Der chinesische Autohersteller Chery erwägt Medienberichten zufolge eine Übernahme des renommierten Konkurrenten Volvo.
Das Wirtschaftsmagazin "Caijing" schrieb am Montag (7.7.), der chinesische Aufsteiger habe Kontakt zu Banken und anderen potenziellen Kapitalgebern für eine Übernahme des schwedischen Unternehmens vom angeschlagenen US-Konzern Ford aufgenommen. Die Kosten könnten bei umgerechnet mehr als drei Milliarden Euro liegen. Der Plan des Privatunternehmens aus dem zentralchinesischen Wuhu befinde sich jedoch noch in der Anfangsphase und sei bislang auch nicht der Provinzbehörde zur Genehmigung vorgelegt worden.

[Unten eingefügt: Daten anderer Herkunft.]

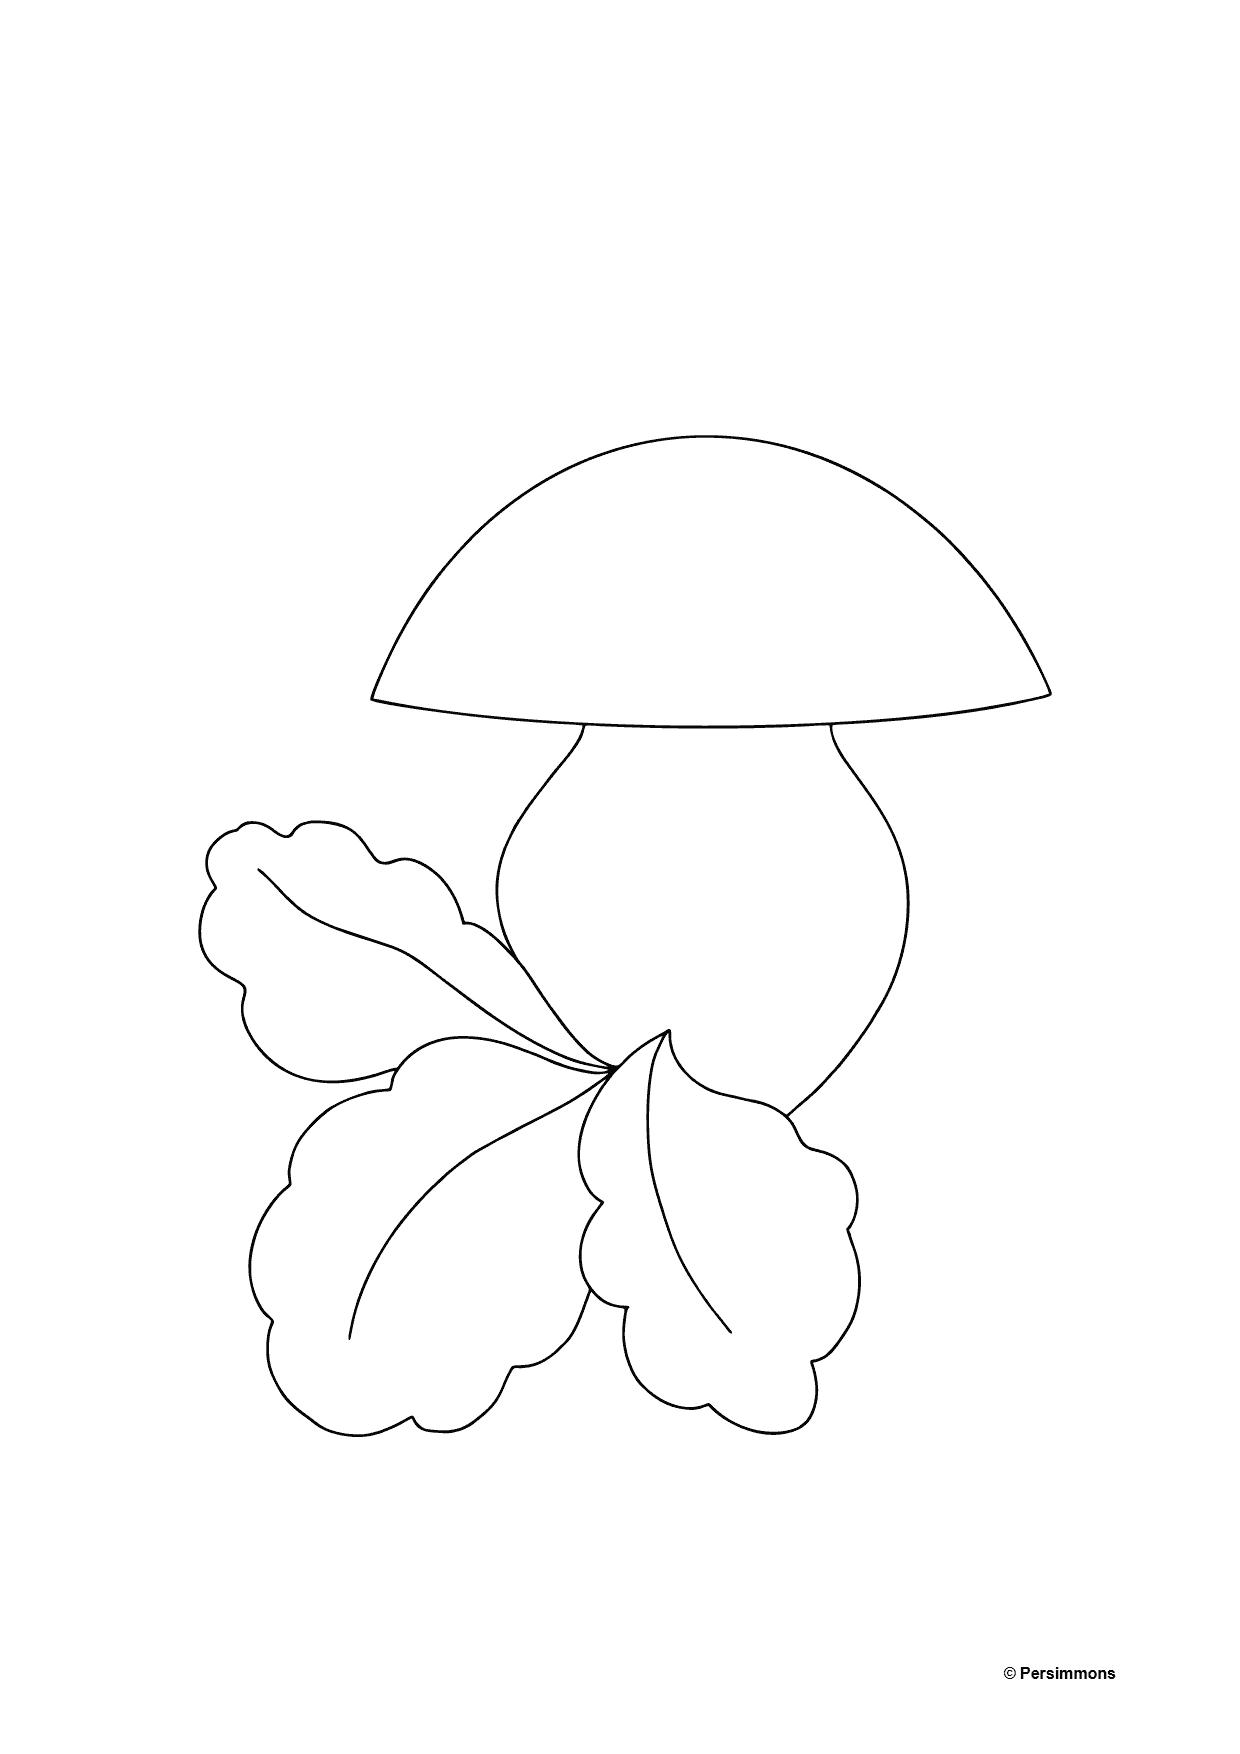 Autumn Coloring Page - Mushroom Season for Kids

Zudem dementierte ein Assistent der Chery-Führung, die sich noch nicht über das Geschäft geeinigt habe, dementierte außerdem die Berichte gegenüber "Caijing".
Der mit Milliardenverlusten kämpfende Ford-Konzern hatte bereits die britischen Traditionsmarken Land Rover und Jaguar an die indische Tata-Gruppe verkauft. Immer wieder wird spekuliert, dass auch die Tochter Volvo zur Disposition stehen könnte. Die US-Autohersteller brauchen Geld, um die Verluste im US-Markt auszugleichen. Angesichts der Rekord-Spritpreise kaufen die Amerikaner deutlich weniger der schweren Geländewagen und Pick-Ups, die die Modellpalette der US-Autobauer dominieren.
Chery gilt als einer der am schnellsten wachsenden Hersteller auf dem sich rasant entwickelnden chinesischen Automarkt. Die chinesische Branche versucht unter anderem durch Ankäufe aus dem Ausland international wettbewerbsfähig zu werden. So hatte vor einiger Zeit die Shanghai Automotive Industry Corp. (SAIC) Teile des zusammengebrochenen britischen Herstellers Rover aufgekauft. Chery ging im vergangenen Jahr - noch zu Zeiten von Daimler-Chrysler - eine Partnerschaft mit dem US-Autohersteller Chrysler zum Bau kompakter Autos ein.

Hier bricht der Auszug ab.